[Data excerpt — start]
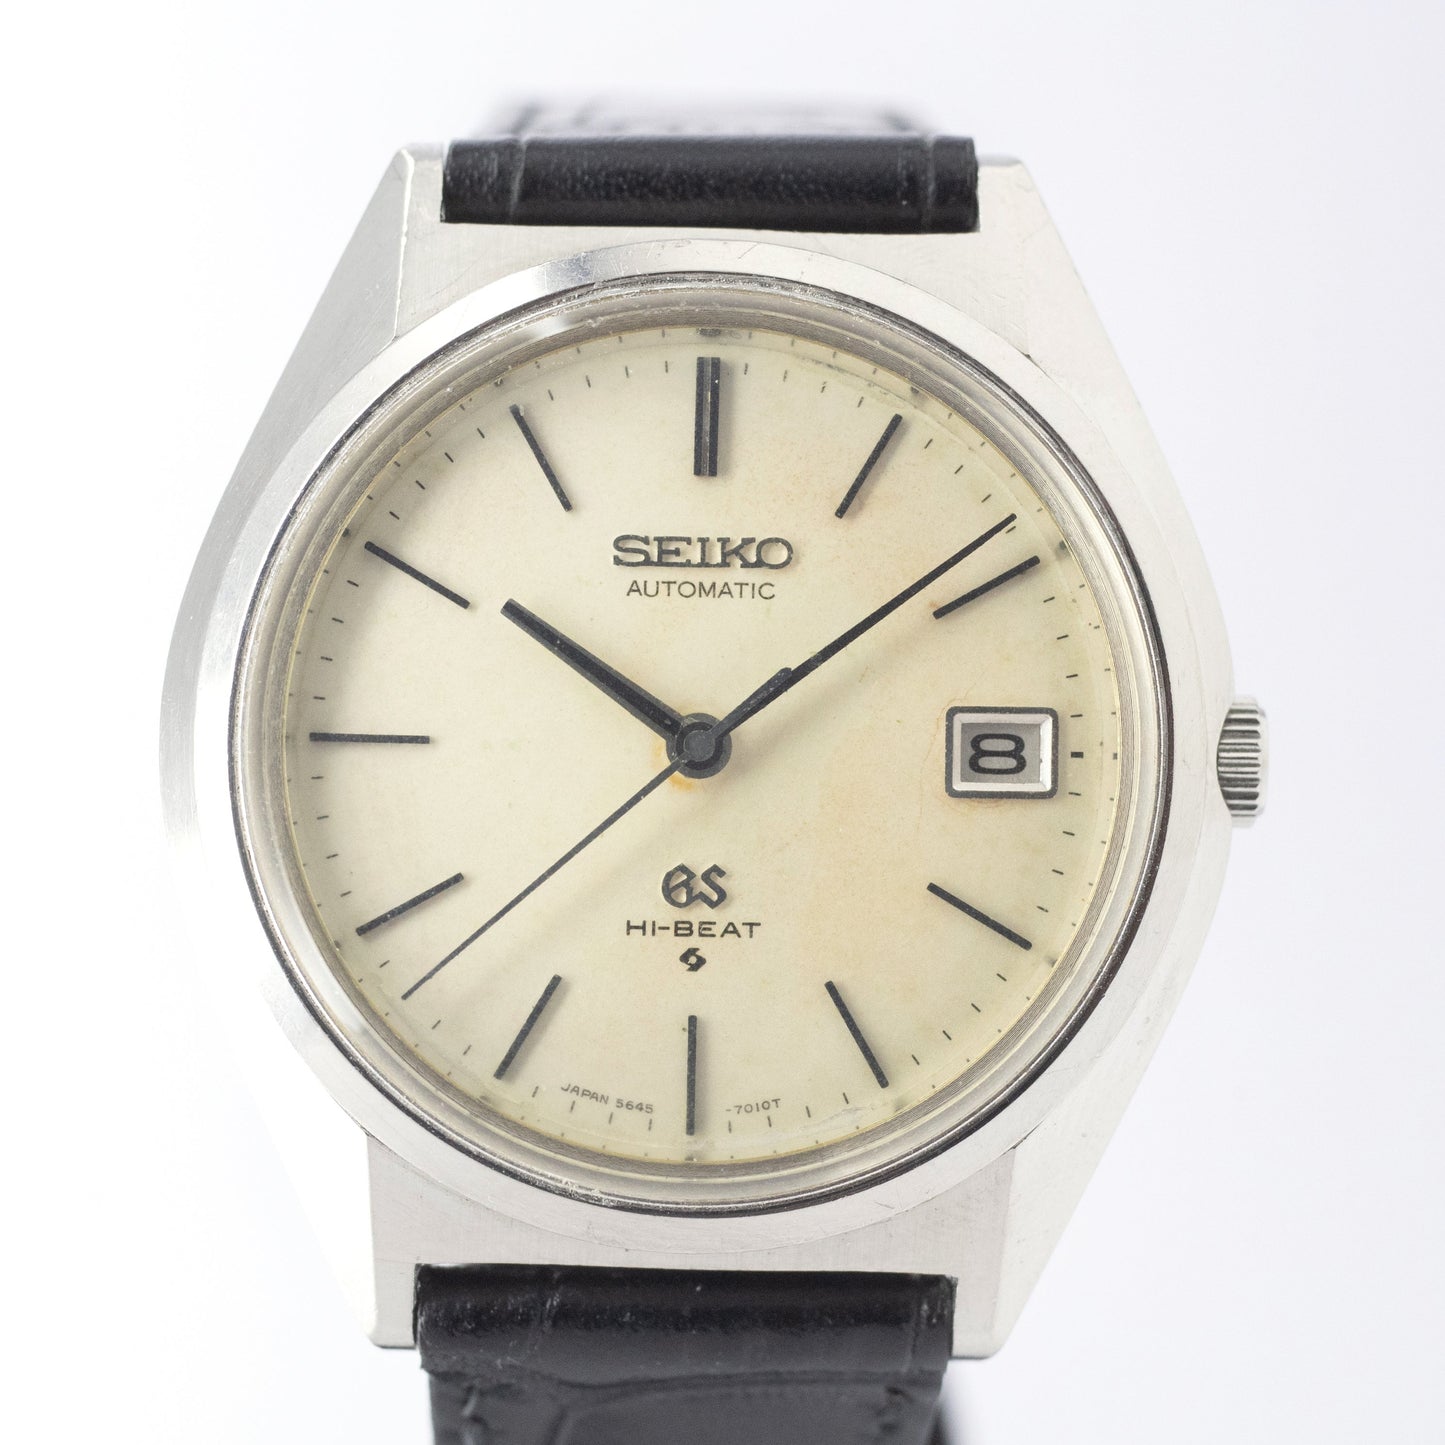 SEIKO 1971年製 56グランドセイコー Ref.5645-7010 アイボリーダイヤル
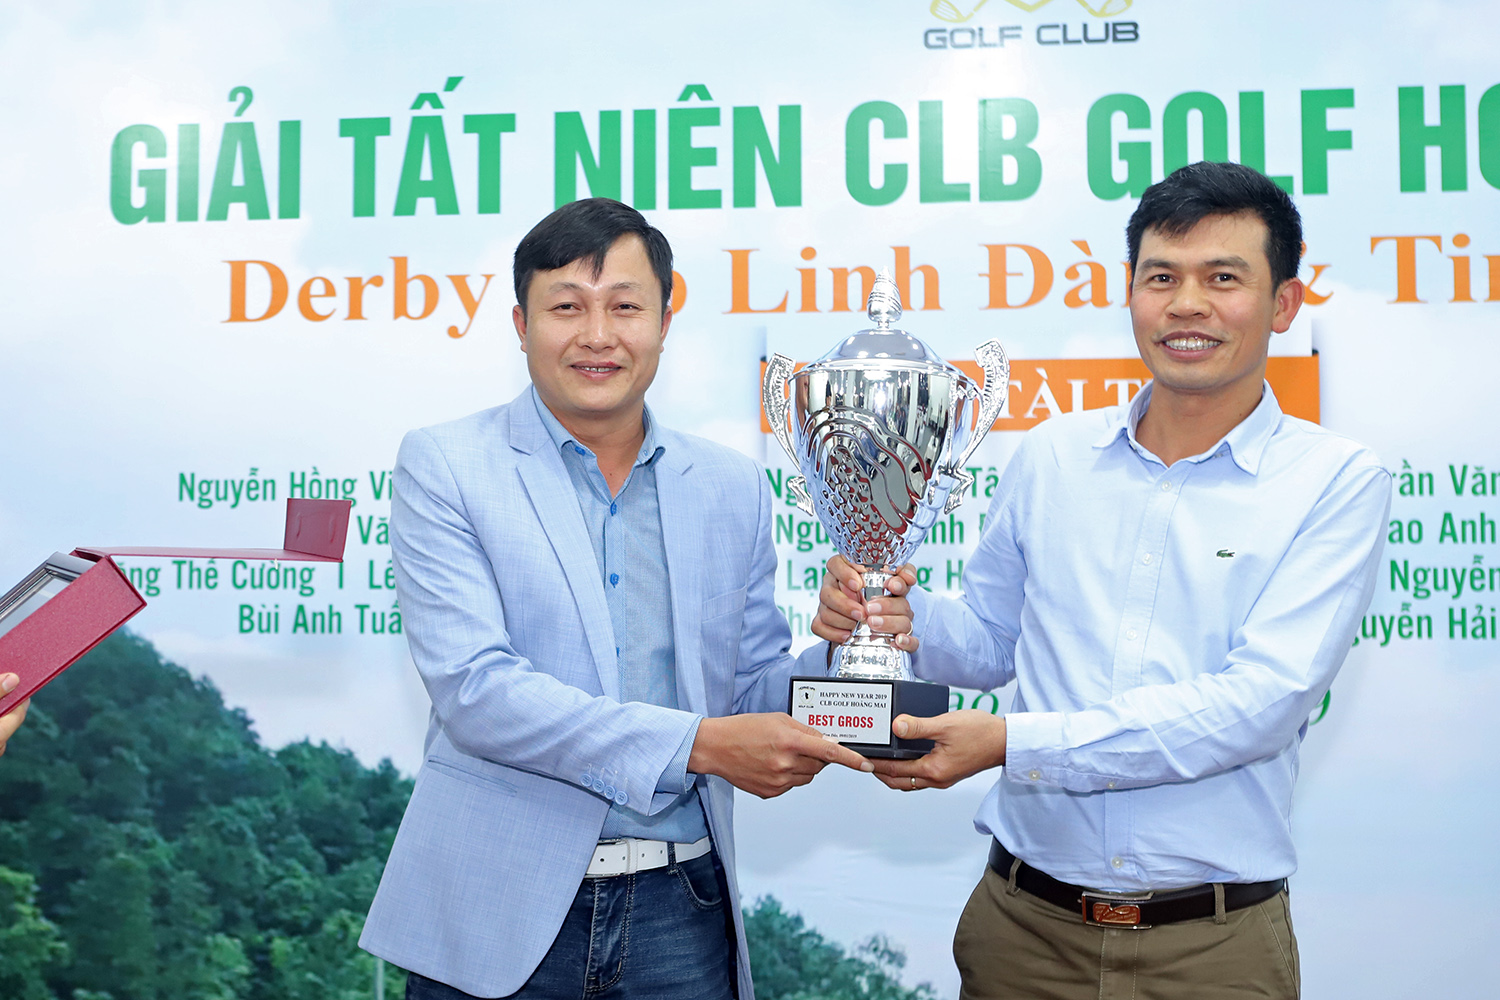 Golfer Nguyễn Văn Chiến đoạt cúp vô địch giải golf CLB Hoàng Mai Tất niên 2018
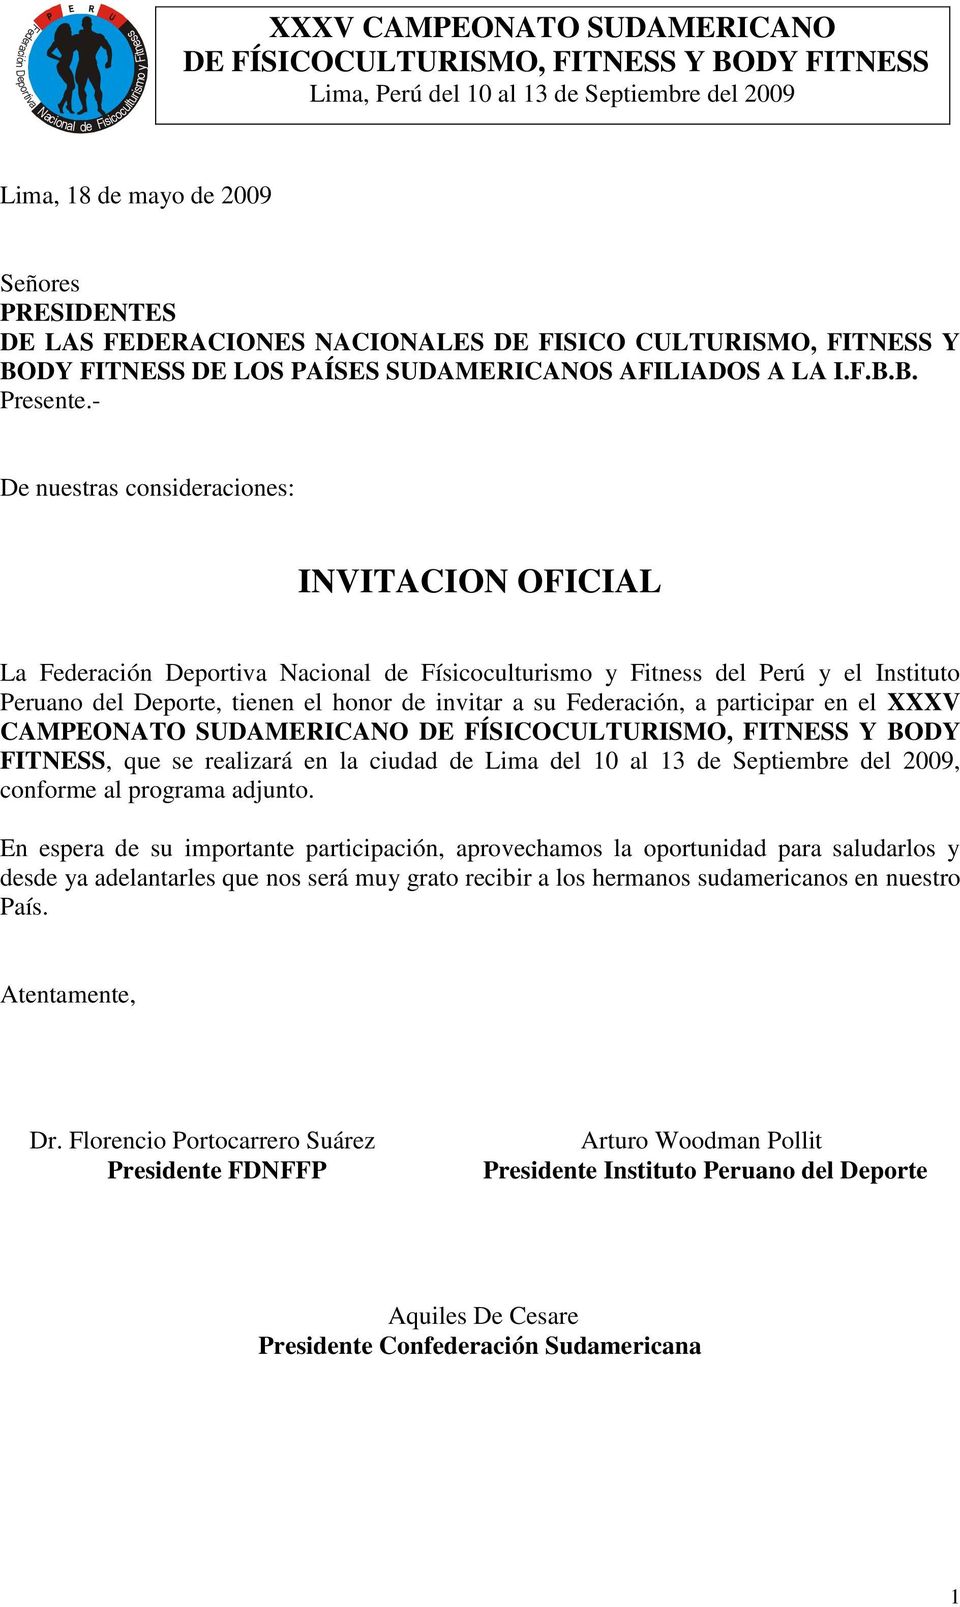 Federación, a participar en el XXXV CAMPEONATO SUDAMERICANO DE FÍSICOCULTURISMO, FITNESS Y BODY FITNESS, que se realizará en la ciudad de Lima del 10 al 13 de Septiembre del 2009, conforme al
[Data excerpt — finish]
[What is needed]: The result should be the material above, unchanged and free of pictures; please print it.

[Result for this exercise]:
 SEIKO 1971年製 56グランドセイコー Ref.5645-7010 アイボリーダイヤル
 Golfer Nguyễn Văn Chiến đoạt cúp vô địch giải golf CLB Hoàng Mai Tất niên 2018
 Federación, a participar en el XXXV CAMPEONATO SUDAMERICANO DE FÍSICOCULTURISMO, FITNESS Y BODY FITNESS, que se realizará en la ciudad de Lima del 10 al 13 de Septiembre del 2009, conforme al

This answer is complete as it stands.